3) “In the edi­tor’s lab­o­ra­to­ry”, Lydia Chukovskaya

In this age of social media, just tak­ing pic­tures is no longer enough. Regard­less of the specifics, today being a pho­tog­ra­ph­er is also talk­ing about it. Tell skill­ful­ly, qual­i­ta­tive­ly and inter­est­ing­ly. The pages of the “Edi­tor’s Lab” con­tain not so much spe­cif­ic advice as the rich­est exam­ples of work­ing with lit­er­ary text that are worth tak­ing on a pen­cil. The author worked as an edi­tor for a long time and many lit­er­ary texts went through her.

In addi­tion to just enjoy­able read­ing and good sto­ry­telling, In the Edi­tor’s Lab will be a clear exam­ple of how good live text can be. Includ­ing the text of the per­son film­ing.

4) Take Your Best Por­trait, Hen­ry Car­roll

It is worth men­tion­ing that this book is part of a tril­o­gy. The oth­er parts are “Take off your mas­ter­piece” and “Look, think, shoot.” And if every­thing is quite good with the sec­ond, then I would not rec­om­mend the third. The Best Por­trait and the Mas­ter­piece bal­ance on the edge between spe­cif­ic tech­ni­cal aspects, tech­niques, sto­ry­telling, uncom­pli­cat­ed humor and inter­est­ing ideas to note. In turn, “Look, think, shoot” is noth­ing more than sto­ry­telling and inter­views with dif­fer­ent peo­ple of this world. Pho­tog­ra­phers. Mas­ters and not so much. Noth­ing more than an intro­duc­tion. And then, for this, I would choose the next book from this list.

“Take Your Best Por­trait” is a com­pe­tent edi­to­r­i­al and compiler’s work, thanks to which the book is real­ly inter­est­ing. Not just dry facts and tech­ni­cal aspects. A con­fi­den­tial and inter­est­ing con­ver­sa­tion, but with­out too much chat­ter. About how to learn how to make por­traits of peo­ple inter­est­ing and alive.

5) The pho­tog­ra­phy book, Ian Jef­frey

A desk­top bible for every film­mak­er. One thing is fast-chang­ing infor­ma­tion and trends, the oth­er is some­thing eter­nal. To be hon­est, I myself turned to it almost like a dic­tio­nary or ency­clo­pe­dia sev­er­al times after the first full read­ing. Inside the weighty edi­tion is a col­lec­tion (in alpha­bet­i­cal order. Ency­clo­pe­dia!) of the most promi­nent pho­tog­ra­phers who left a mark. A brief digres­sion about each of them and a few of his works.

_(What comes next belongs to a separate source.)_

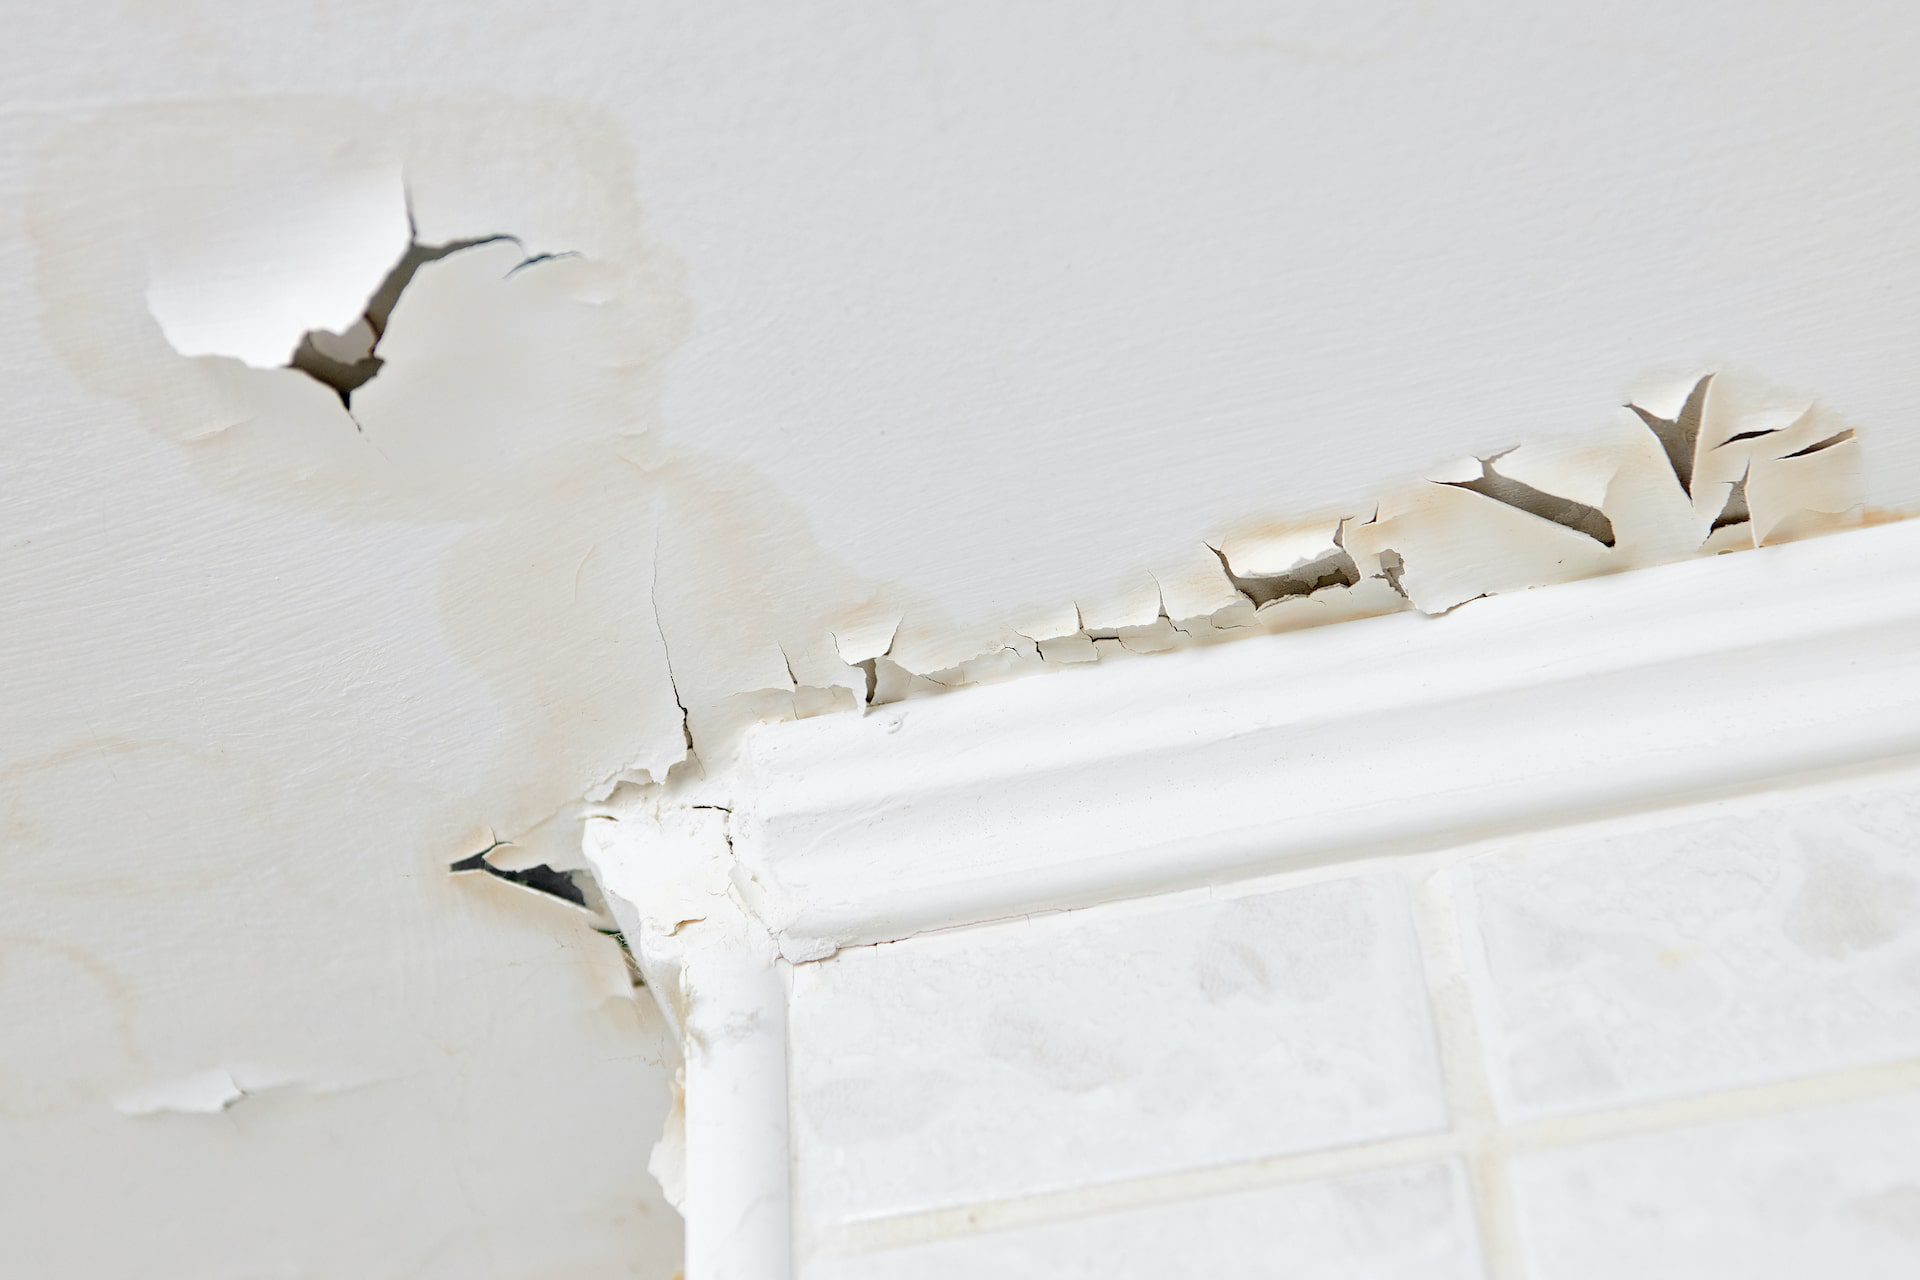 Image of water damage to plaster in the interior ceiling of a home.

It can be used for self-edu­ca­tion, for inspi­ra­tion, for refer­ring to spe­cif­ic styles — for what­ev­er is need­ed. In gen­er­al, things are the same with a good ency­clo­pe­dia.

6) Hero with a Thou­sand Faces, Joseph Camp­bell

The last place on the list, but, frankly, she is gen­er­al­ly off the list. This book is not about pho­tog­ra­phy or even visu­al art. But what she con­veys and what she nar­rates is close­ly con­nect­ed with every­thing at once.

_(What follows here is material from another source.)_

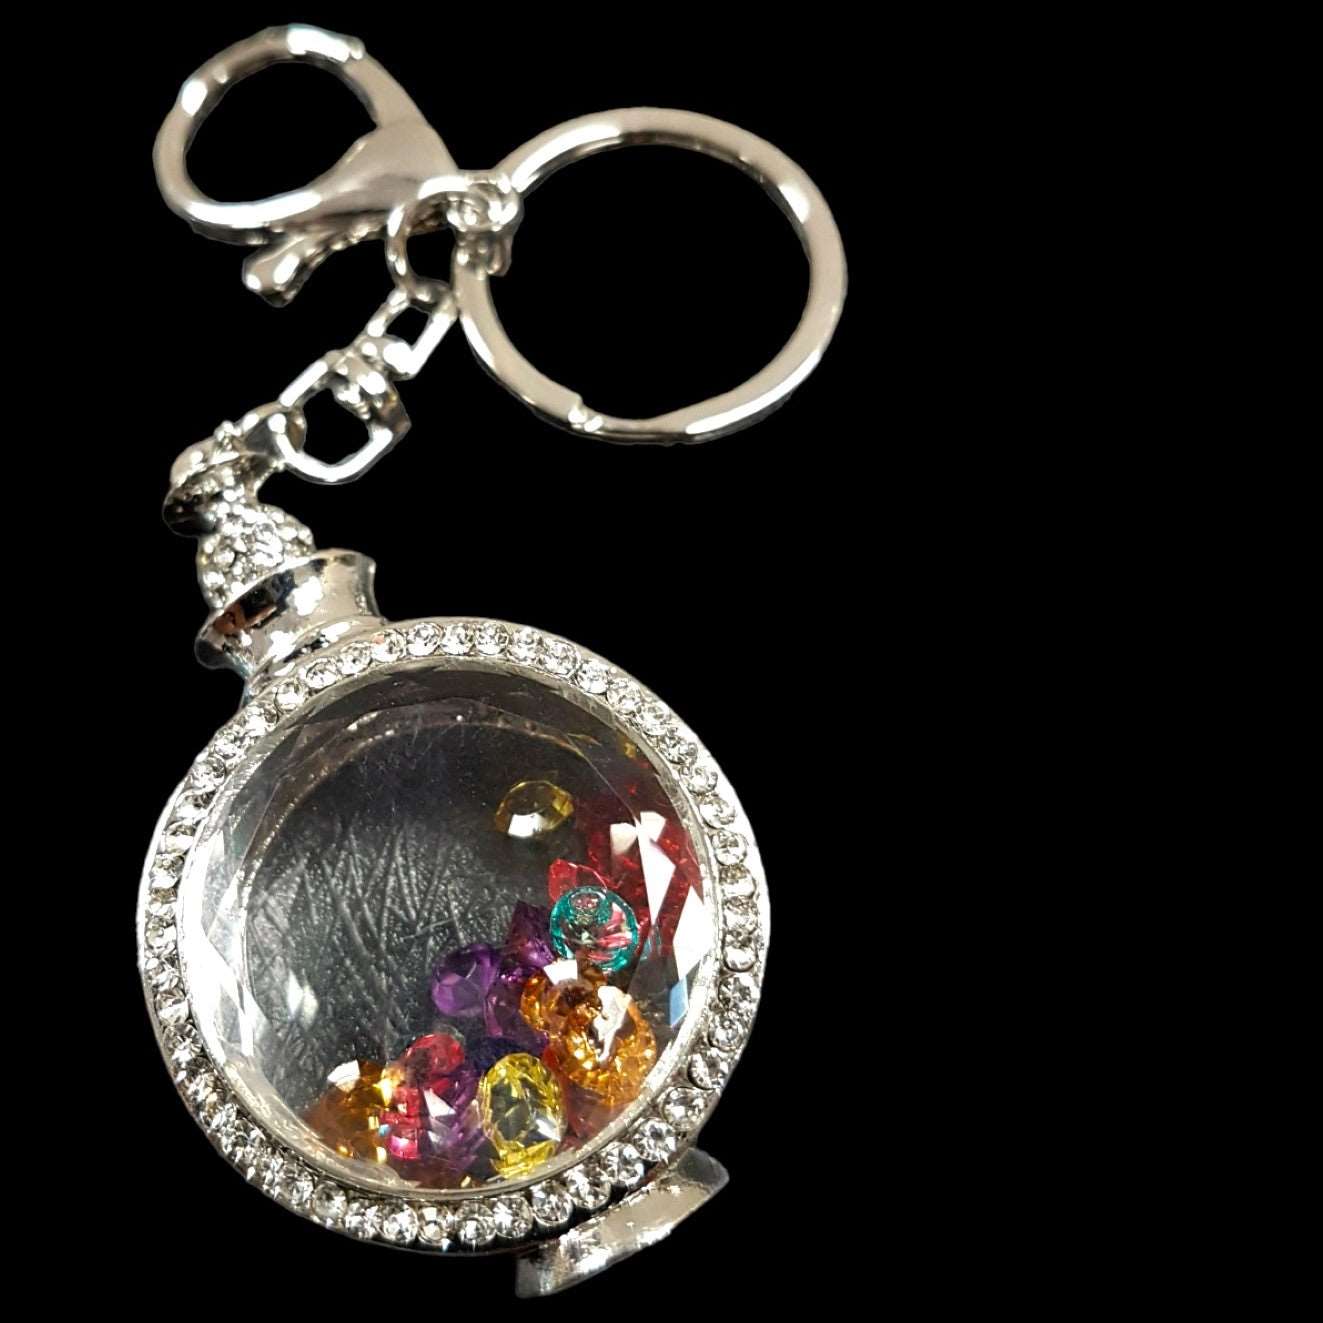 Bottle shaped purse charm with clear and colorful stones

The path of a pho­tog­ra­ph­er, as well as any cre­ative per­son, is a pri­ori full of doubts, pit­falls, self-doubt, etc. Prac­tice shows that this is true in 98% of cas­es. For this, it is no longer enough just to be inspired, under­stand col­or or look at the work of the greats. “Hero with a Thou­sand Faces” tells a sto­ry about each of us, about the path of each, about many doubts, loss­es and future vic­to­ries. On the exam­ple of world cul­ture. This book should become a desk­top book not only for fas­ci­nat­ing read­ing, but also for those moments when you want to give up. At such moments, open it! I would advise.